Thus it will be seen that, in accordance with embodiments of the invention, an aggregate rate estimate is calculated from a plurality of captured sound recordings, which can provide a more robust overall rate estimate than a rate estimate calculated from just a single sound recording. This aggregate rate estimate may then inform any further processing of each sound recording, such that the accuracy of any subsequent processing steps (e.g. segmenting one or more of the sound recordings) can be improved.

The sound recordings may capture sound from one or a pair of lungs or from a windpipe of a human or animal body, but in a set of embodiments each sound recording captures sound from the human heart.

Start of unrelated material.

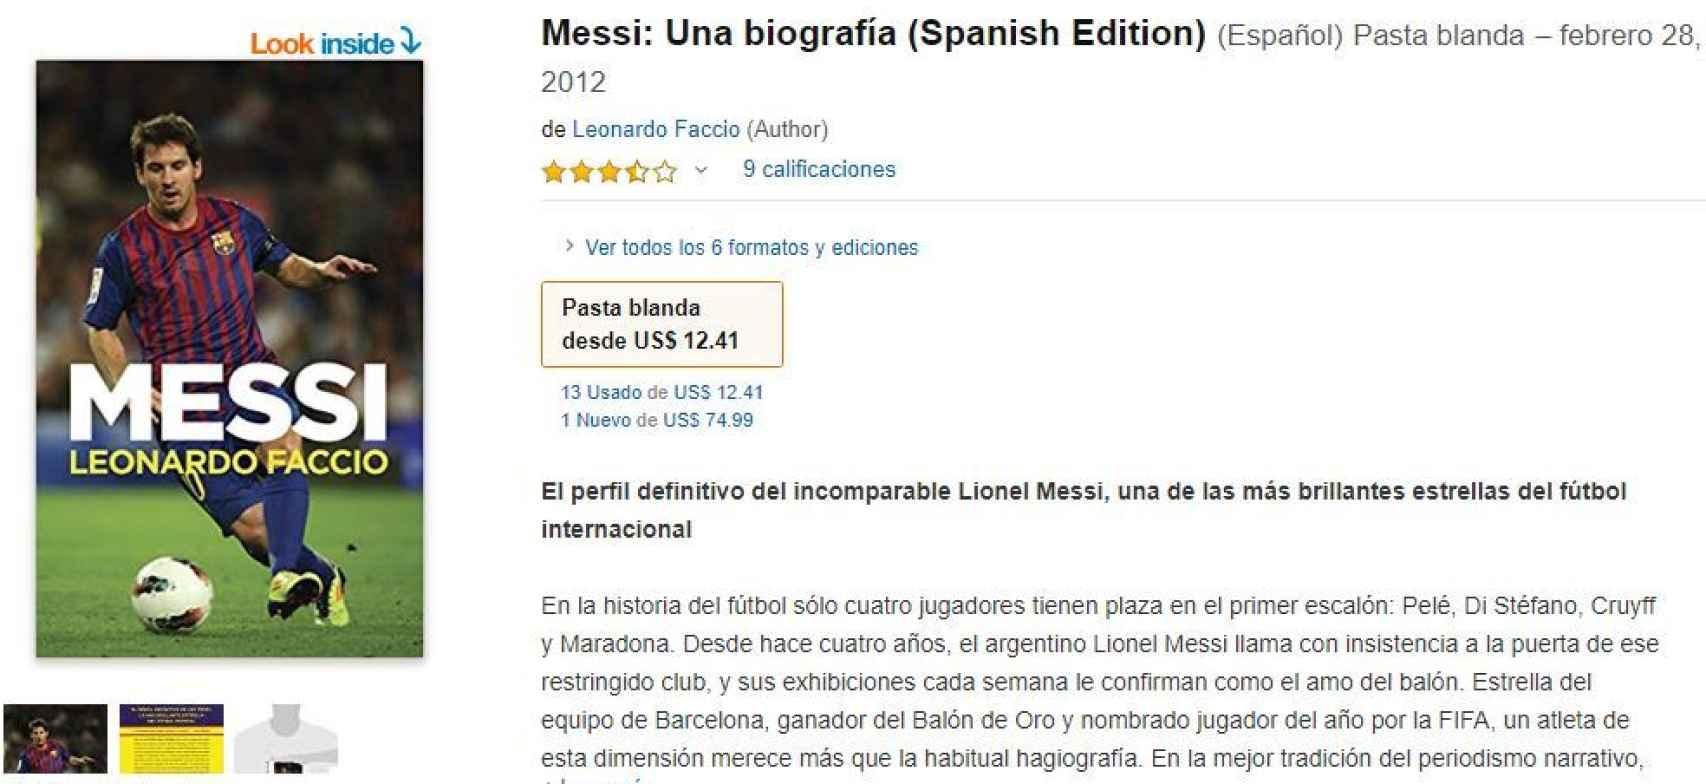 Leonardo Faccio también escribió la biografía no autorizada de Messi.

The individual and aggregate rate estimates may be heart rate estimates. The aggregate estimate of the heart rate may then be used to inform subsequent processing steps, such as segmenting each sound recording to identify one or more diastole and systole phases in the sound recording. Seeking to provide a better estimate of the heart rate may advantageously improve the accuracy of any such subsequent processing step. In some embodiments, two or more, or all, of the sound recordings may be captured, or may have been captured, from the same location on the exterior of the human or animal body (e.g. over different time periods).

However, in other embodiments, each sound recording is or has been captured at a different respective locations on the body. This can produce sound recordings of the heart or respiratory system which may show different types of sound profile. In some embodiments, two, three or four sound recordings are received, wherein each sound recording is or has been captured adjacent a different respective heart valve (i.e. a different one of an aortic valve, a pulmonary valve, a tricuspid valve, and a mitral valve).

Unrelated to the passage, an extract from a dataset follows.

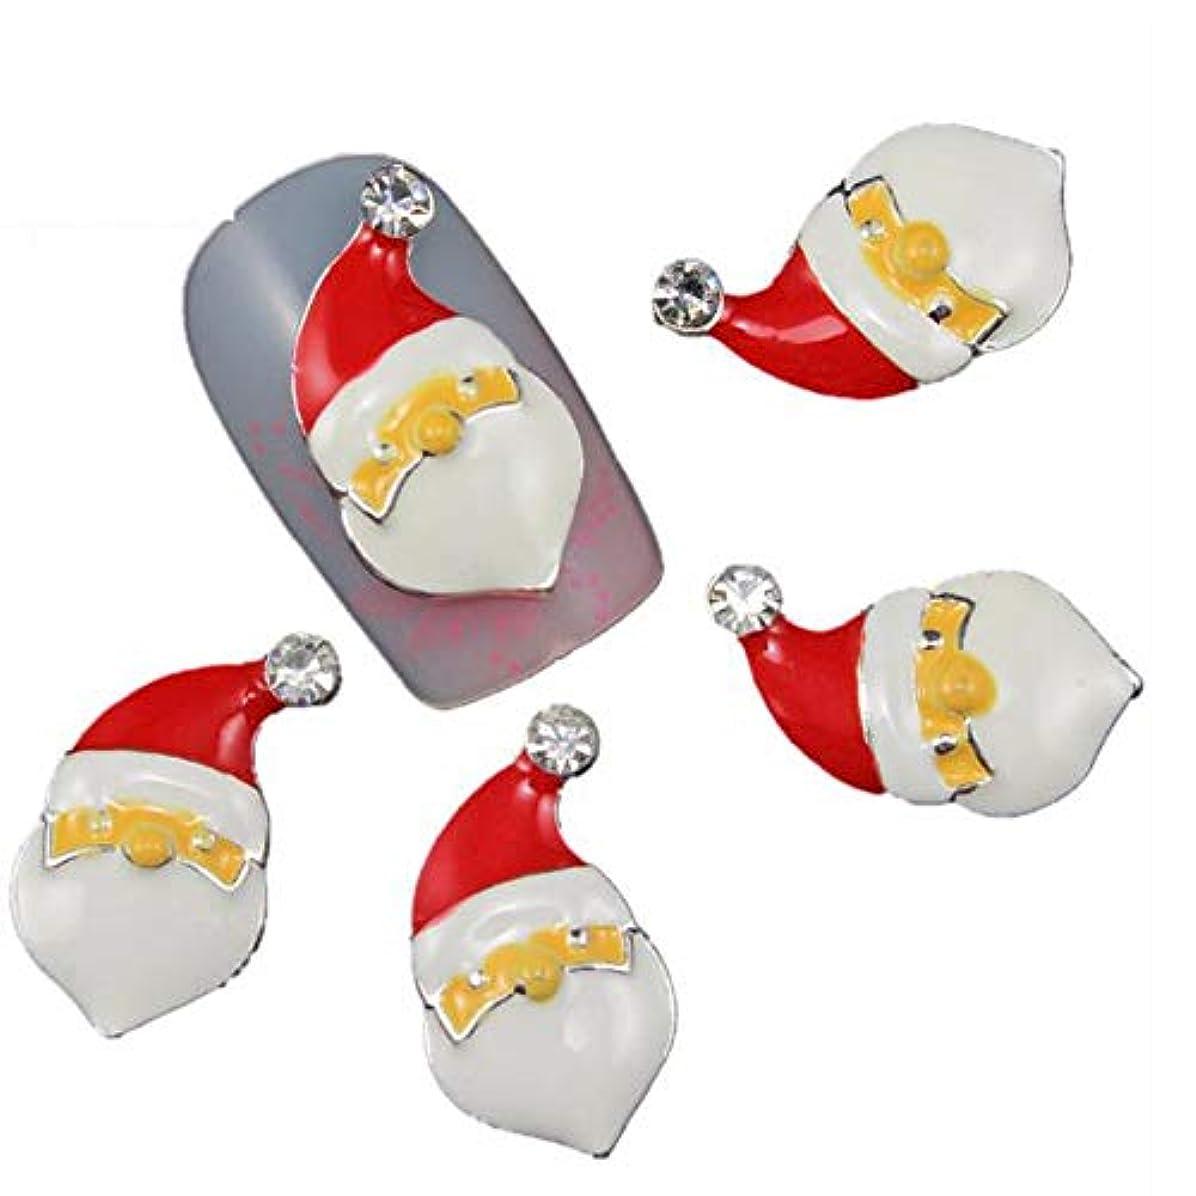 血柔らかい足召喚するチャームの釘のために10個/ロット3Dクリスマスネイルアートクラシックサンタクロースデザインマニキュアの装飾のクリスタルラインストーン

In a set of embodiments, the sound recordings are captured sequentially, such that each recording is captured over a different non-overlapping period of time. Although different in time, it is beneficial if the recordings are taken close to each other in time, such that the underlying rate estimate (e.g. heart rate in bpm) does not change significantly (e.g. less than 10%) between the sound recordings.

In some embodiments, the same microphone is used for capturing each sound recording, while in other embodiments a plurality of microphones (e.g. transducer elements) may be used.

The sound recordings may be pre-processed before determining the respective autocorrelation function of each sound recording. For example, they may be down- sampled and/or band-pass filtered and/or smoothed. This may help to better reveal the periodicity of each sound recording.

In a set of embodiments, determining each individual rate estimate comprises identifying a primary autocorrelation peak in the respective autocorrelation function, and calculating the individual rate estimate from a time delay of the primary autocorrelation peak. It may comprise identifying the respective primary autocorrelation peak within a respective search interval. The search interval may correspond to maximum and minimum expected time periods within reasonable physiological boundaries. For example, for the heart, the search interval may be set between delays of 0.5s and 2s, which would respectively indicate a heart rate between 30 and 120bpm.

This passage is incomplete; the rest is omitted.